= Social class in Italy =

Social classes in Italy are bourgeoisie, white-collar middle class, urban petite bourgeoisie, rural petite bourgeoisie, urban working class and rural working class.

== 1970s Italian social classes according to Labini ==
In his Essay on social classes the Italian economist Paolo Sylos Labini presented the following classification, based on his analysis of income distribution:
- Bourgeoisie (properly so called), composed by big urban and rural landowners; entrepreneurs and managers of stock companies; autonomous professionals;
- Petite bourgeoisie
  - Clerical petite bourgeoisie
  - Relatively autonomous petite bourgeoisie: farmers, artisans (including small professionals), traders;
  - Petite bourgeoisie composed by particular categories, such as militaries and clergymen;
- Working class;
- Lumpenproletariat.

==Contemporary Italian social structure==
A hierarchy of social class rank in Italy today.

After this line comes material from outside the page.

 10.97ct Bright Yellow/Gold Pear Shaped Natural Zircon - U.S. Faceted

1. Bourgeoisie (10% of the working population) includes high-class entrepreneurs, managers, politicians, self-employed people, highest-ranking celebrities, etc.

2. White-collar middle class (17% of the working population) includes middle class workers not employed in manual work.

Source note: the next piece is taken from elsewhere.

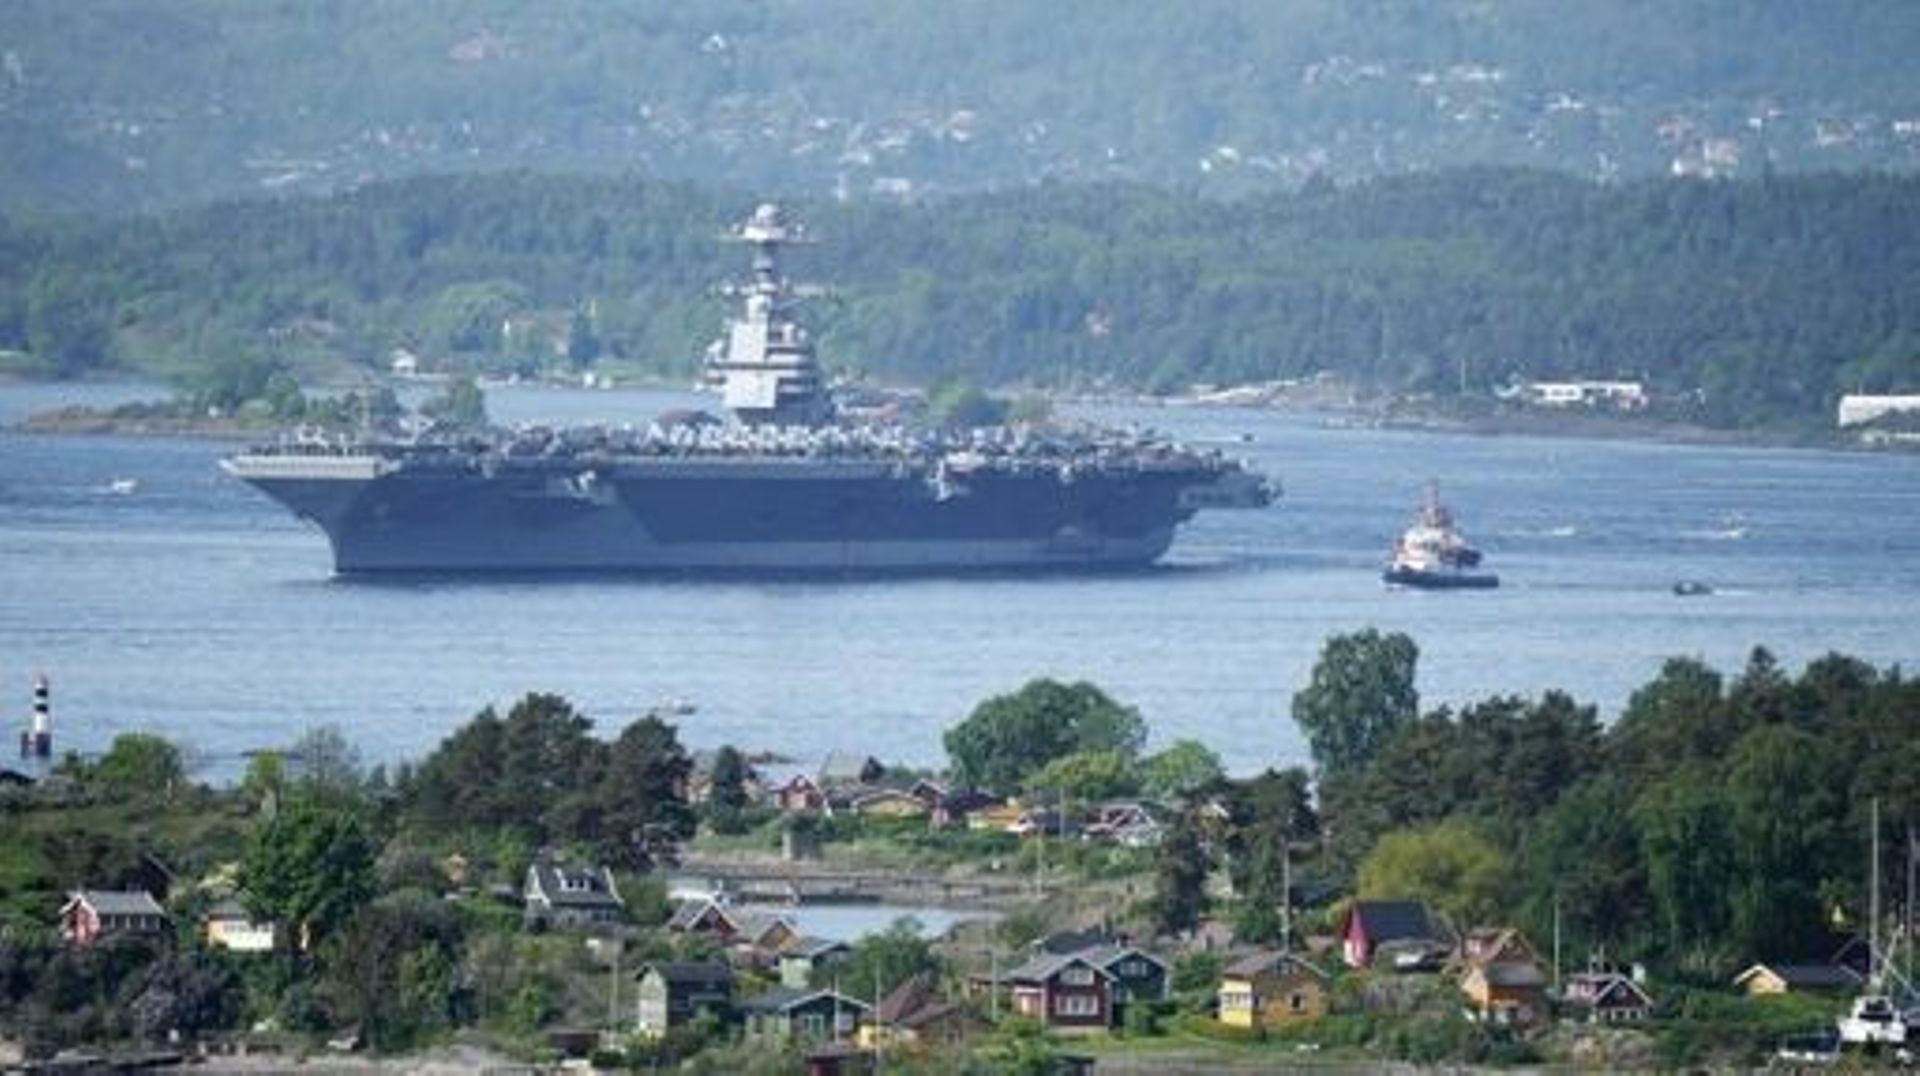 The 337-metre (1,106-foot) USS Gerald R. Ford aircraft carrier of the US Navy is seen in the Oslo Fjord, here seen from Ekebergskrenten in Oslo, Norway, on May 24, 2023. The ship is the world's largest warship and will be in port in Oslo for four days. Ru

3. Urban petite bourgeoisie (14% of the working population), is mainly made up of shopkeepers, small-business entrepreneurs, self-employed artisans etc.

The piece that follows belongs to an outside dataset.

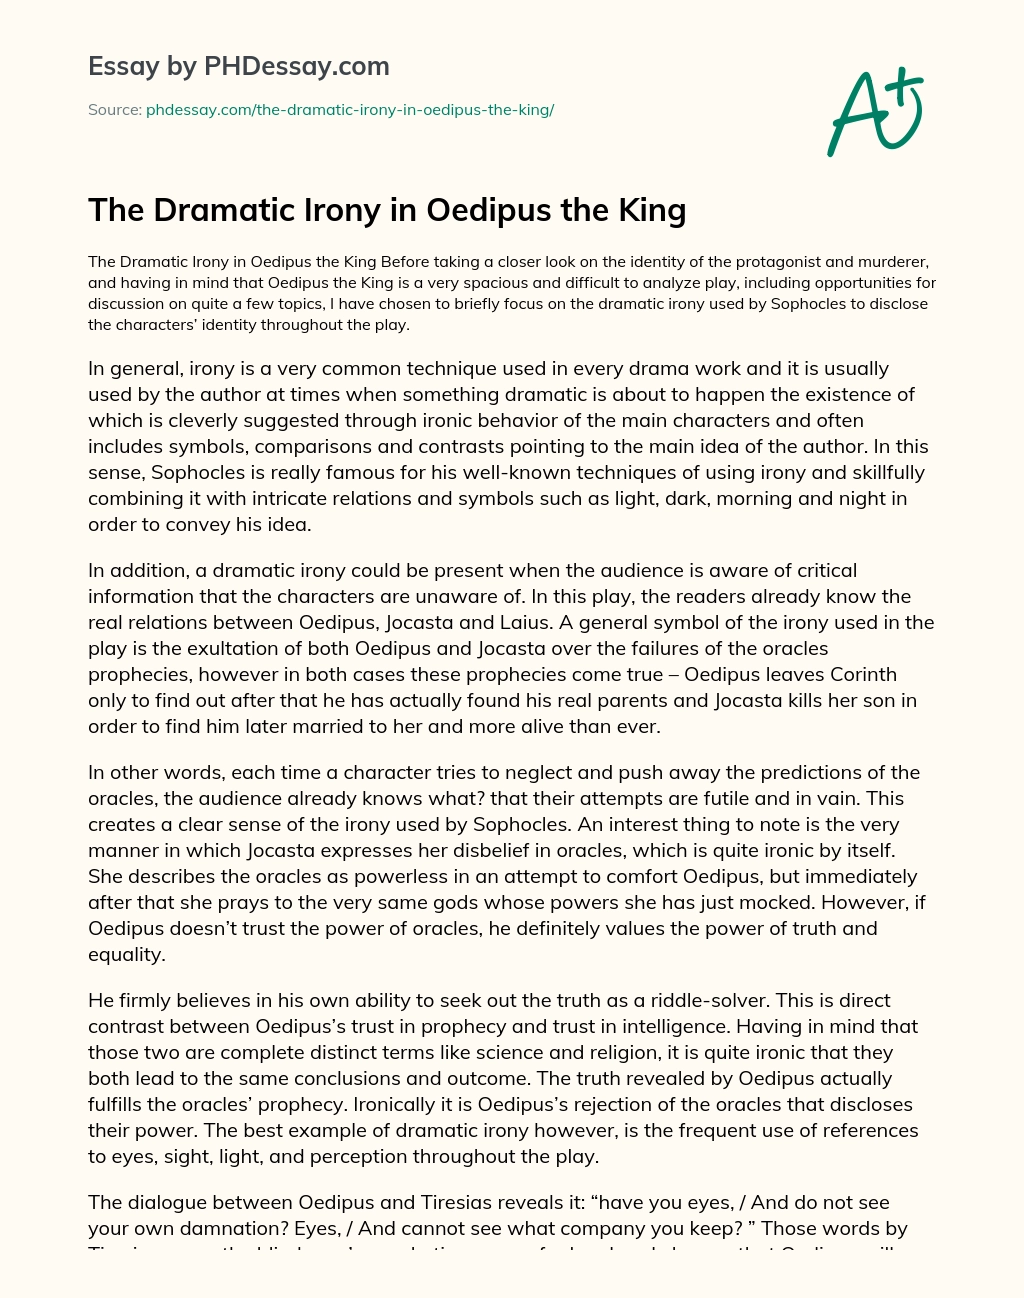 The Dramatic Irony in Oedipus the King essay

4. Rural petite bourgeoisie (10% of the working population) consists of small entrepreneurs or estate owners who operate in the countryside, mainly in agriculture and forestry.

5. Urban working class (37% of the working population) refers to the people employed in manual work.

6. Rural working class (9% of the working population) consists of people operating in the primary industry, such as farmers, loggers, fishermen etc.